Data provided:
- Opening Delimiter -
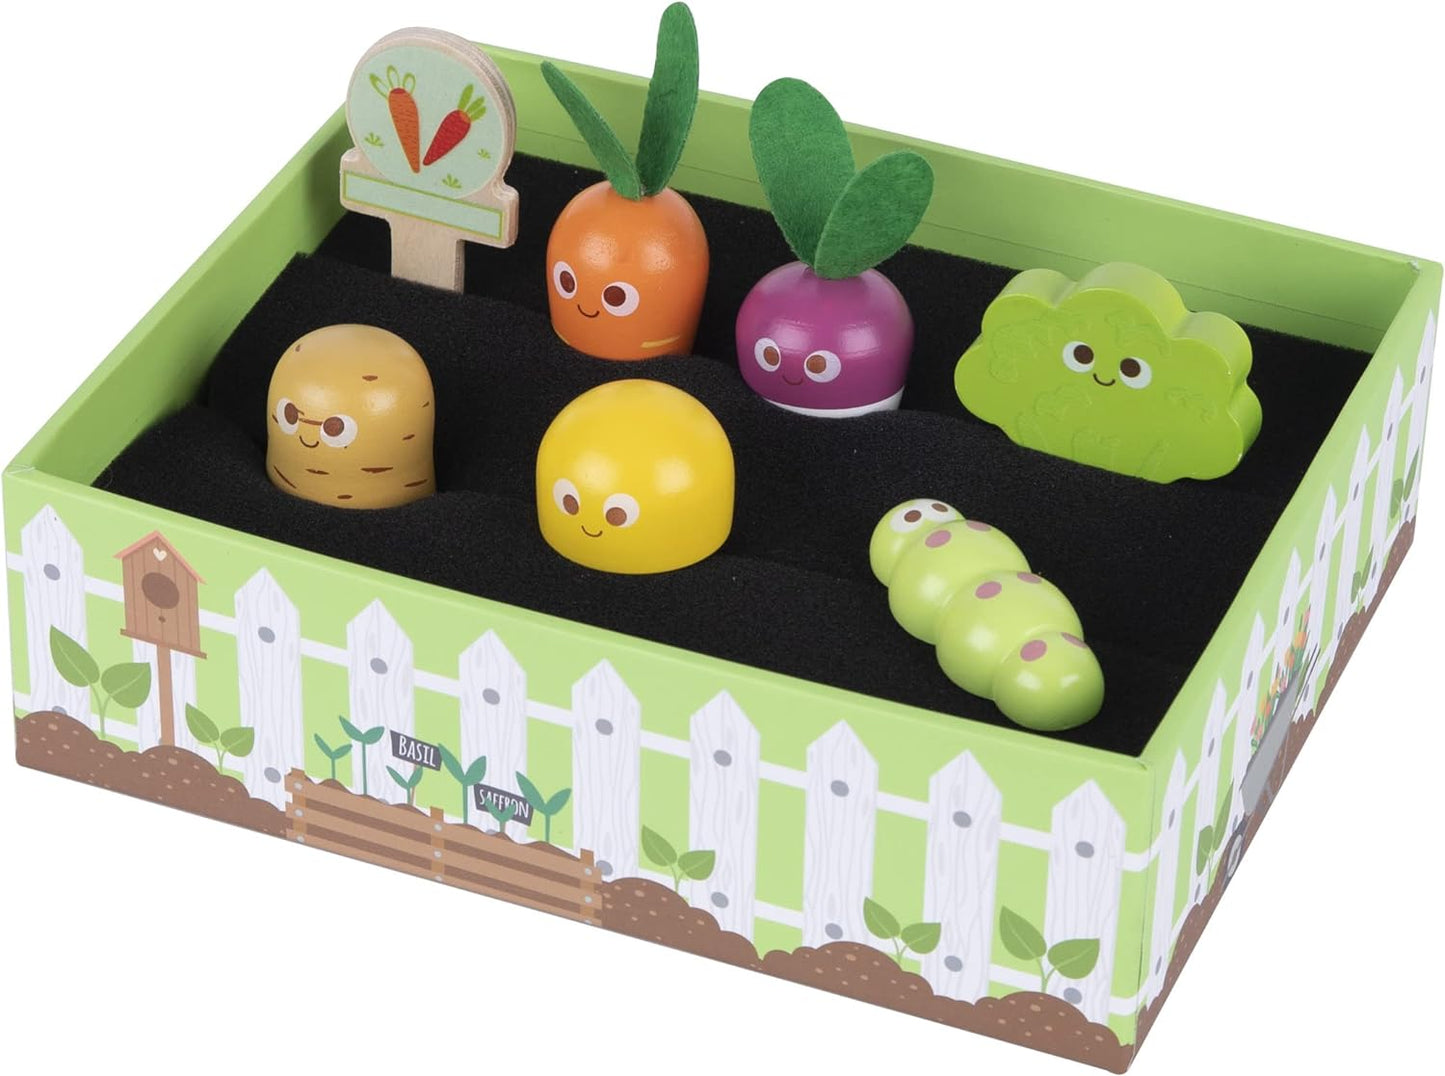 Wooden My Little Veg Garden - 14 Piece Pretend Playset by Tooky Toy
- Closing Delimiter -
- Opening Delimiter -
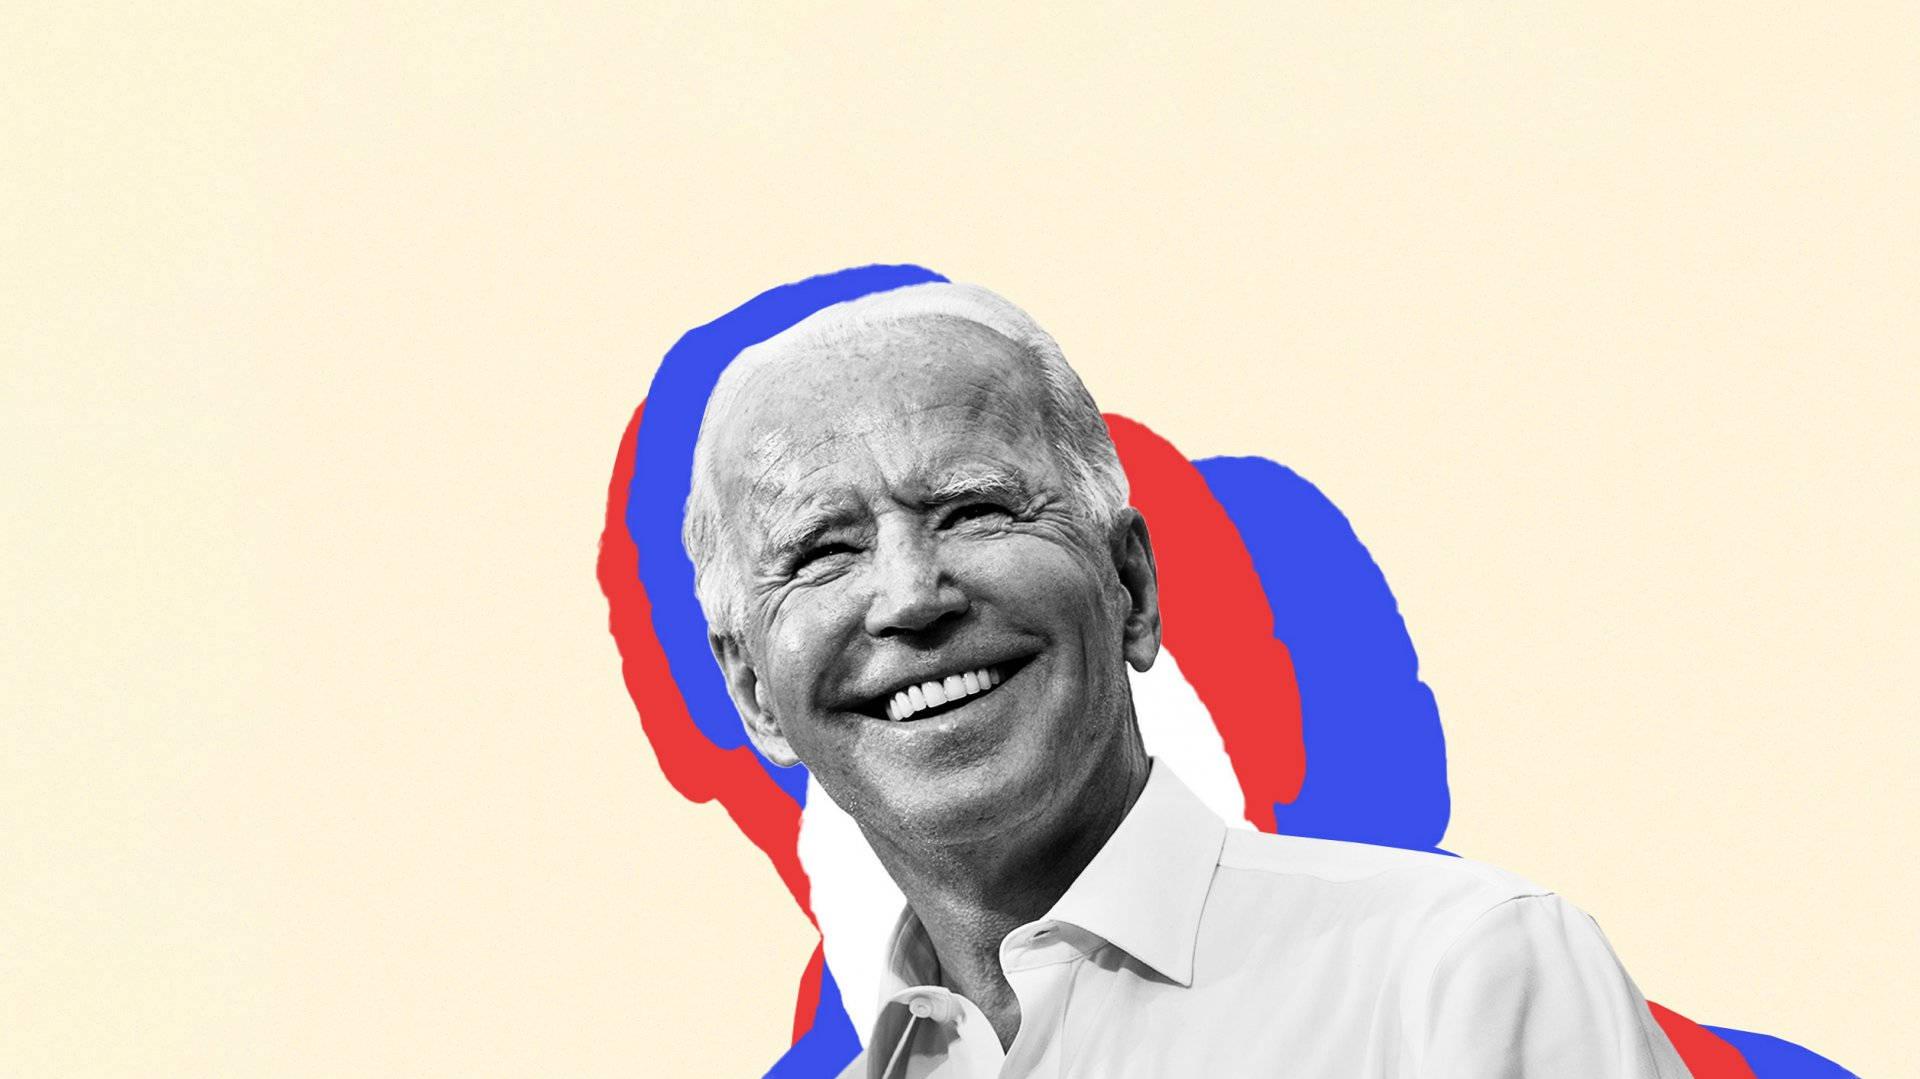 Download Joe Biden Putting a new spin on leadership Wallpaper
- Closing Delimiter -
- Opening Delimiter -
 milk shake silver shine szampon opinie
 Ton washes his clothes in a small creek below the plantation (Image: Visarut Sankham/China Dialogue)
- Closing Delimiter -
To do:
Only the lines above starting at the one containing "milk shake silver shine szampon opinie" and ending at the one containing "Ton washes his", both included, are to be returned, exactly as they read.

Written response:
 milk shake silver shine szampon opinie
 Ton washes his clothes in a small creek below the plantation (Image: Visarut Sankham/China Dialogue)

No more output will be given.